Зал заседаний слегка опешил, но слушали все не перебивая.
— А Вы, Алексей Юрьевич? Вам ли, пролетарскому писателю, не знать, что на рабочих окраинах Копейска в темное время суток Ван Дамм  с Джеки Чаном не рискнут показаться без Арнольда Шварценеггера и пары полицейских машин! А Вы меня туда безжалостно забросили, — это как, гуманно, по-вашему, хотя я и не член партии «Единая Россия»?
Валентина Петровна… Вам ли, как бывшему высокопоставленному чиновнику городской администрации, не знать, что в коммунальной квартире выжить мог только о-очень приспособленный и привычный человек, что кухонные баталии там не заканчивались столь незначительными повреждениями, — с последствиями этих баталий едва справлялись травмопункты и больницы скорой помощи. И вот Вы меня, тихого и скромного человека, деревенского наивного жителя, Вы меня в коммуналку!? Как хотите, Валентина Петровна, но     от Вас я этого не ожидал.

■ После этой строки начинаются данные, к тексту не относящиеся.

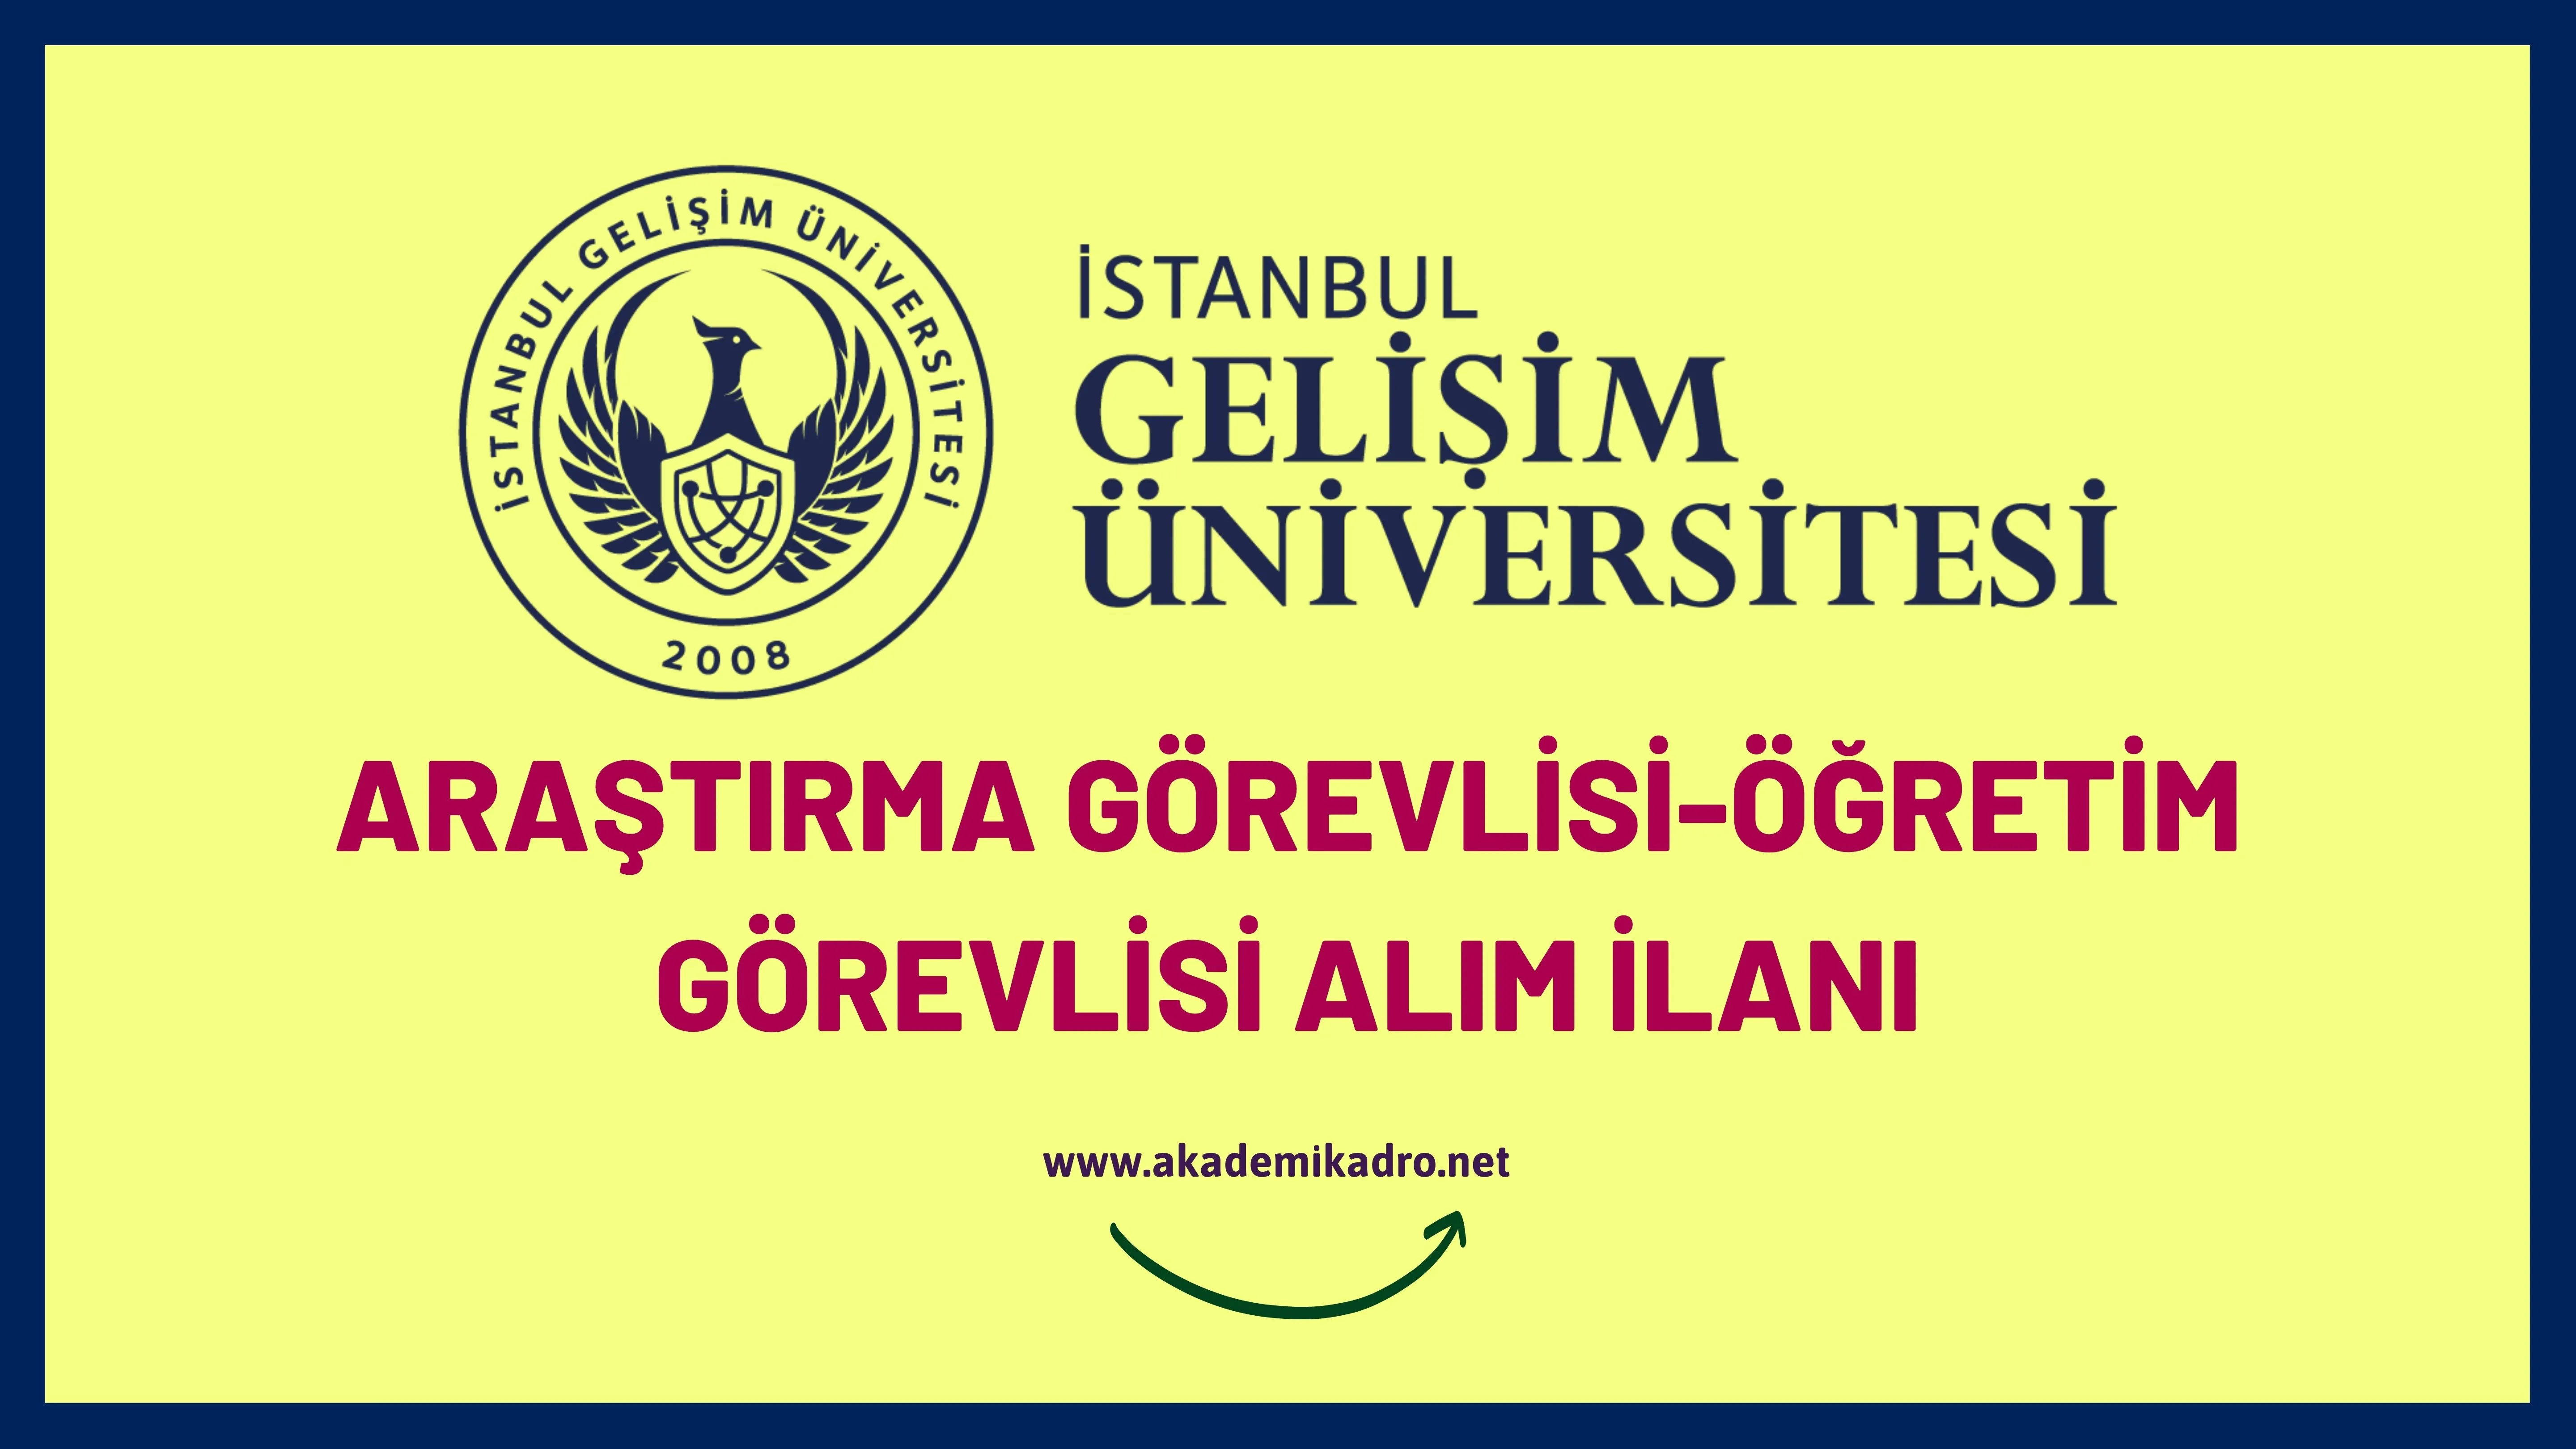 İstanbul Gelişim Üniversitesi 16 Araştırma görevlisi, 12 Öğretim görevlisi ve 75 öğretim üyesi alacaktır.

О Леночке хотелось бы сказать особо. Понятно, конечно, Вы — восторженная поэтическая натура, Вам романтику подавай. Не скрою, хотелось бы оказаться окруженным столь романтическим ореолом, да. Но подобное... Нет, отчего же, я еще мог бы от парочки худосочных пэтэушников… убежать, но Вы же против меня целых пятерых хулиганов выставили, пять братков с золотыми цепями на бычьих шеях!.. И где бы это я, интересно, складывал их неподъемные накачанные протеином туши!?
Так вот, товарищи, заявляю со всей ответственностью: украшающий мое лицо под правым глазом синяк (он же бланш, он же фофан, он же фонарь, он же фингал), хотя на самом деле — всего лишь гематома, так вот, вышеупомянутый бланш получен не в результате контакта со скалкой в руках жены, как утверждает Семён Михалыч, и фонарь этот жизнерадостный приобретен по сходной цене не в темных подворотнях Копейска, — алаверды Вам, Алексей Юрьевич; я вам больше скажу — фофан этот неинтеллигентный не на коммунальной кухне был припечатан, Валентина Петровна, снимаю шляпу перед Вашей фантазией; и даже, к великому моему и  надеюсь, Вашему, Леночка, огорчению — гематома сия вовсе не награда за романтический мужской поступок, — отнюдь. А все вышеперечисленные новообразования в одном лице, вернее, на моем лице, — появилось, кратко говоря, данное украшение в результате ненадлежащего использования во вчерашнем тренировочном спарринге, а должен вам сообщить, что мы с товарищем решили принять участие в боксерском турнире, так вот, ненадлежащего, повторюсь, использования защитных средств и приемов, как-то: нырок, уклон и блок. Говоря простым языком, в глаз мне засветил на тренировке мой же хороший товарищ. И впредь я просил бы никаких фантастических версий на эту тему не выдвигать!..
Слегка утомленный, Александр Иваныч нарочито-вызывающе оглядел присутствующих практически одним глазом, хотел было что-то добавить, но не нашелся и сел на место.
Напряженная тишина через минуту разрядилась облегченным вздохом, в котором явственно послышалось также и разочарование немалое. Оно и понятно — исчезла коллизия, интрига пропала.   Обидно.